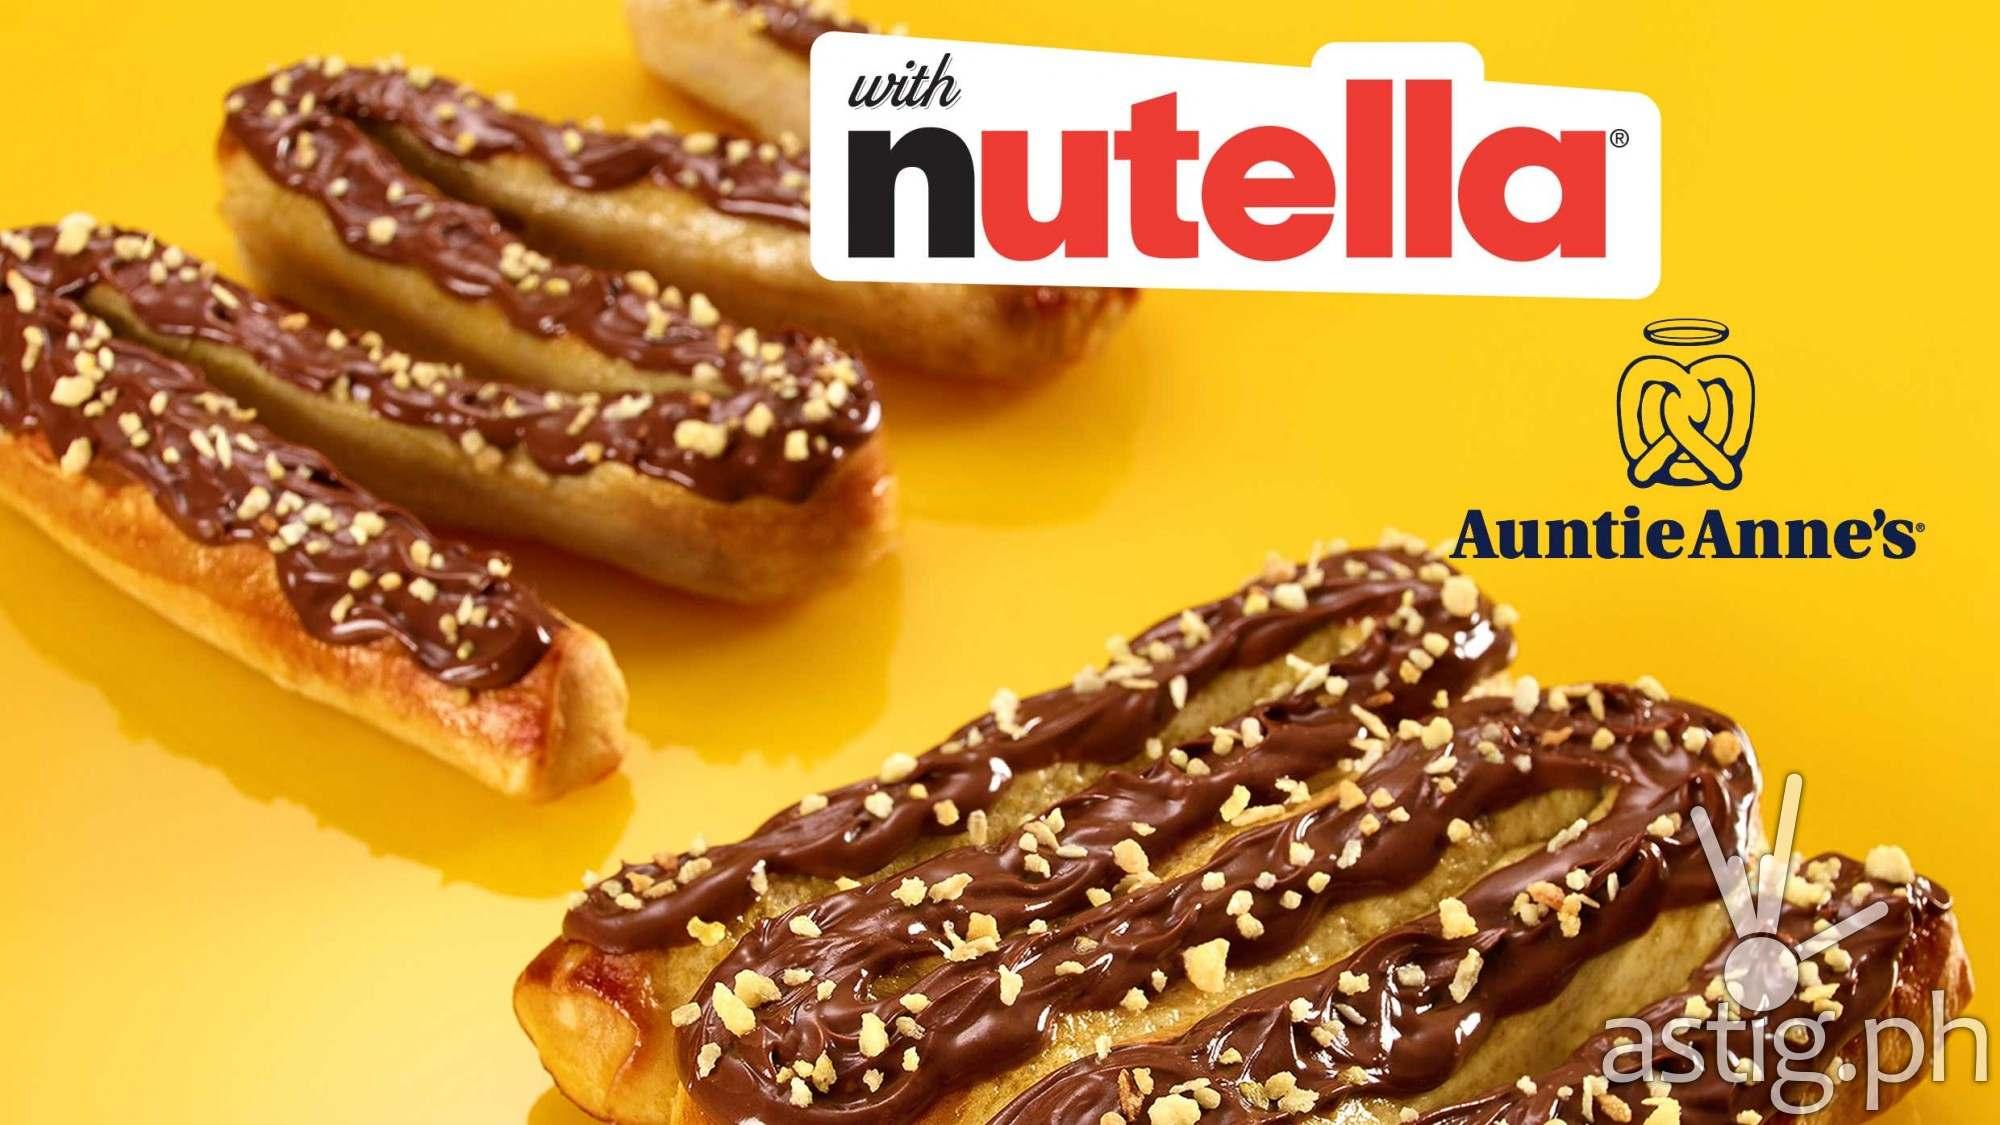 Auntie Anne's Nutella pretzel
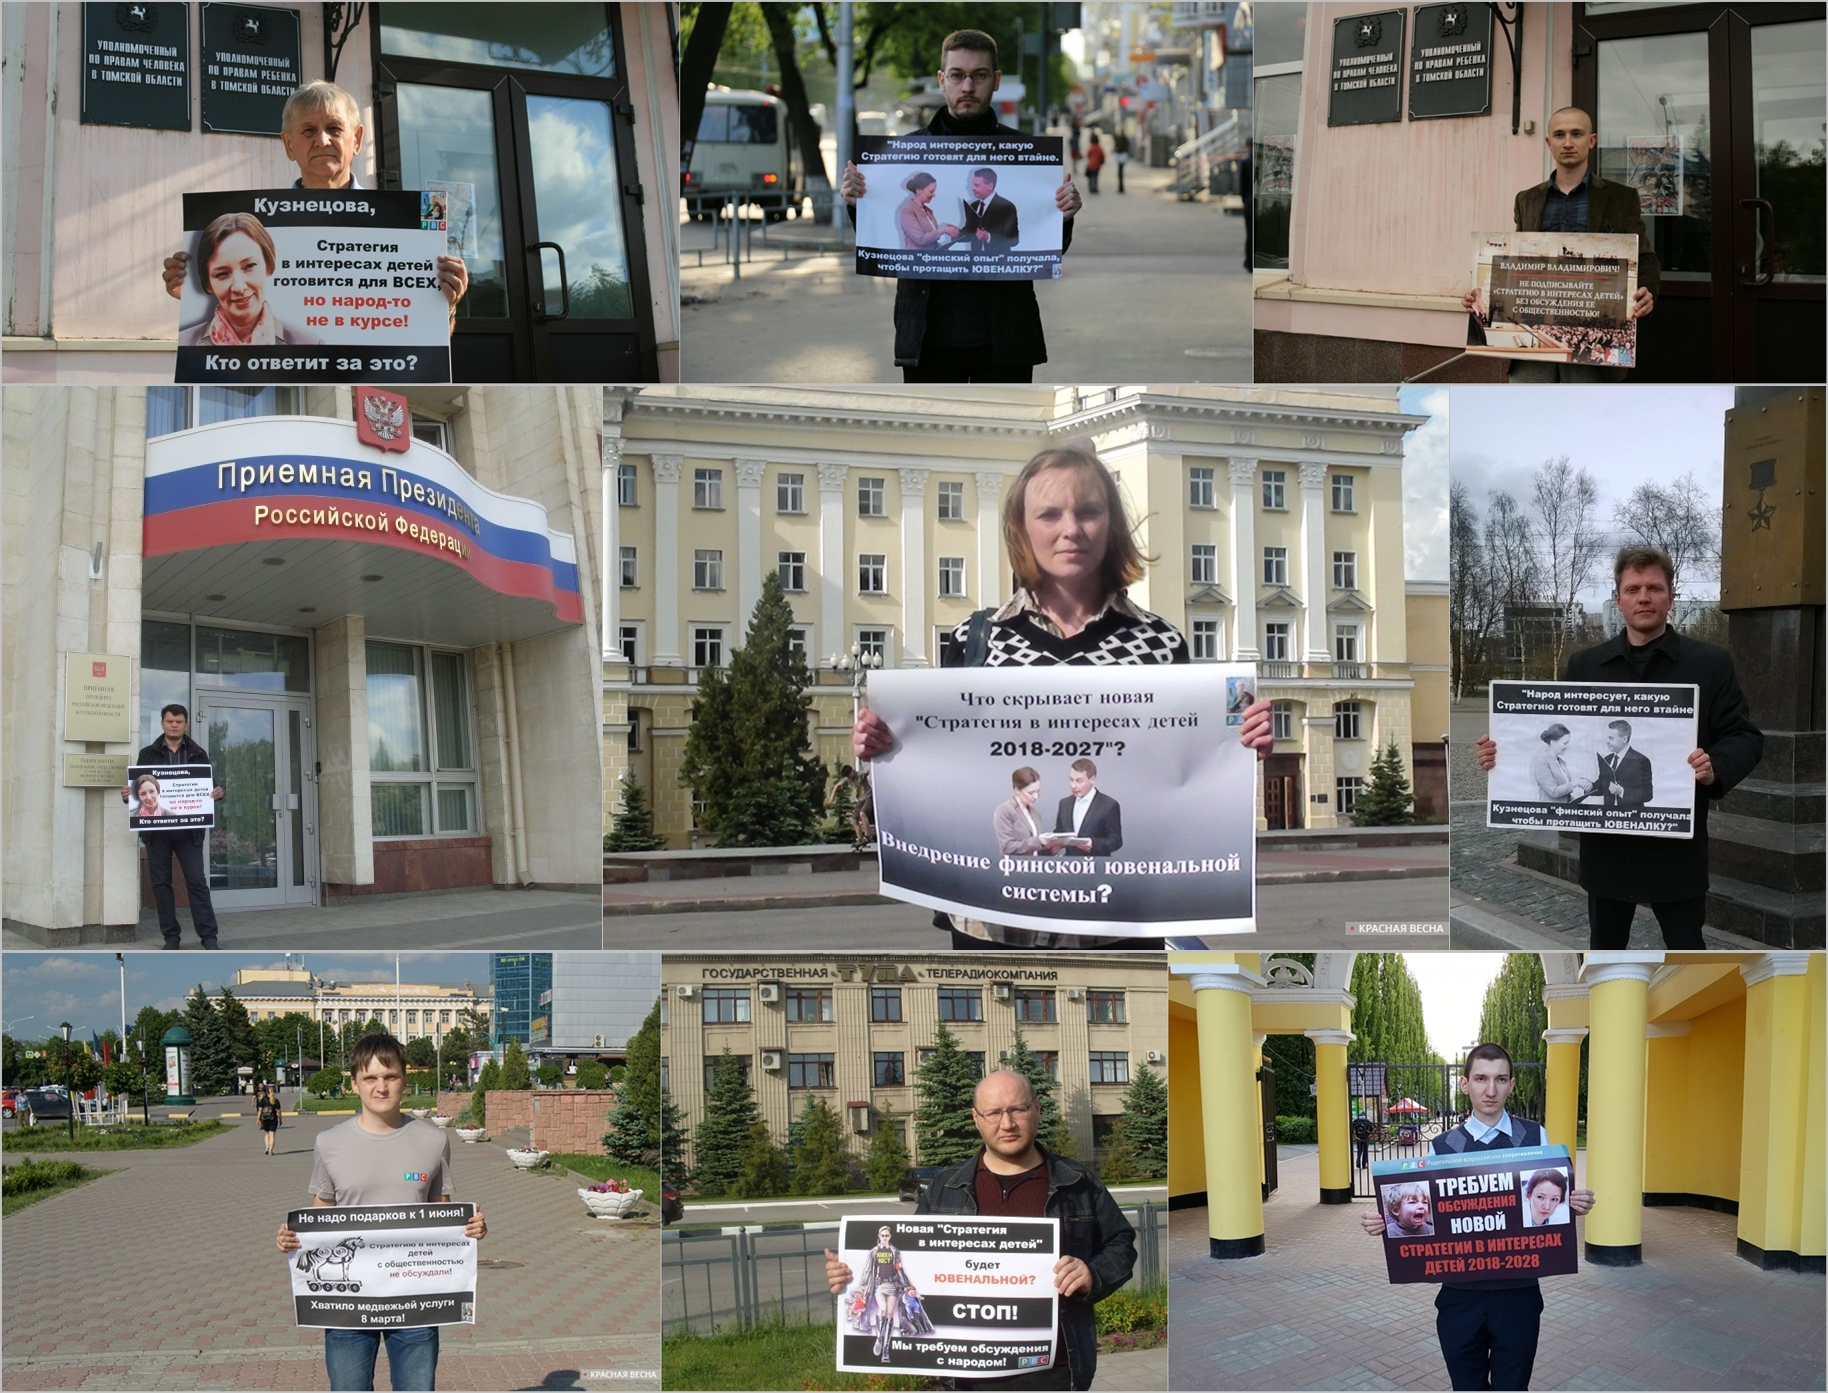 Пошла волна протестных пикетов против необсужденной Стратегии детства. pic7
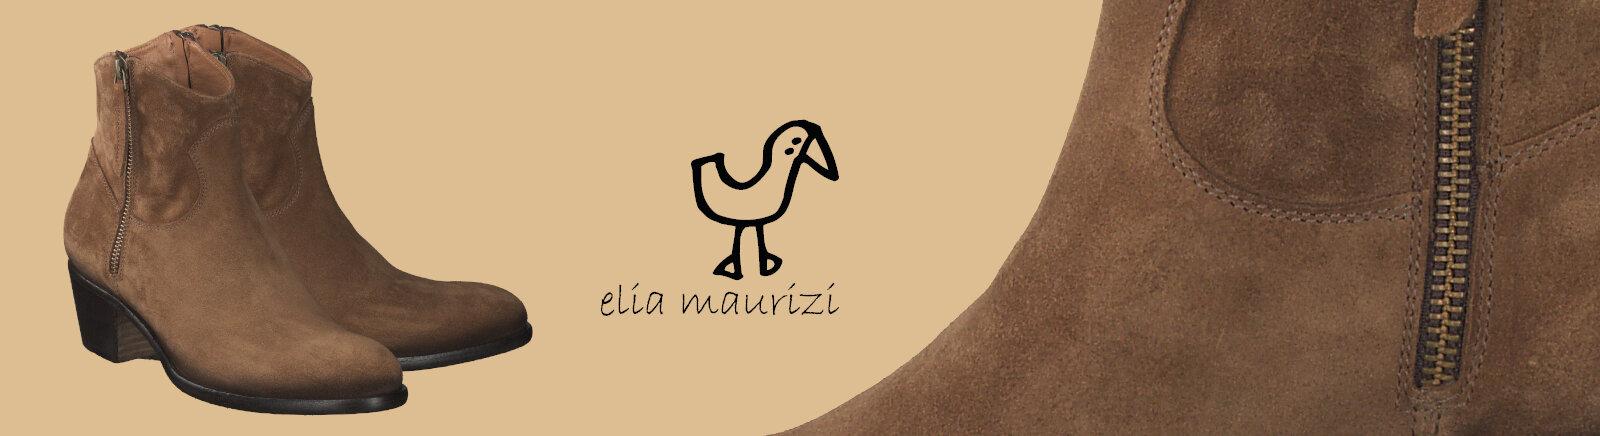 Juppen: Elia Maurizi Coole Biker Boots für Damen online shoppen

----

Problem to solve: Make an exact copy of all the material, but keep the pictures out of it.

Answer for this exercise:
 Auntie Anne's Nutella pretzel
 Пошла волна протестных пикетов против необсужденной Стратегии детства. pic7
 Juppen: Elia Maurizi Coole Biker Boots für Damen online shoppen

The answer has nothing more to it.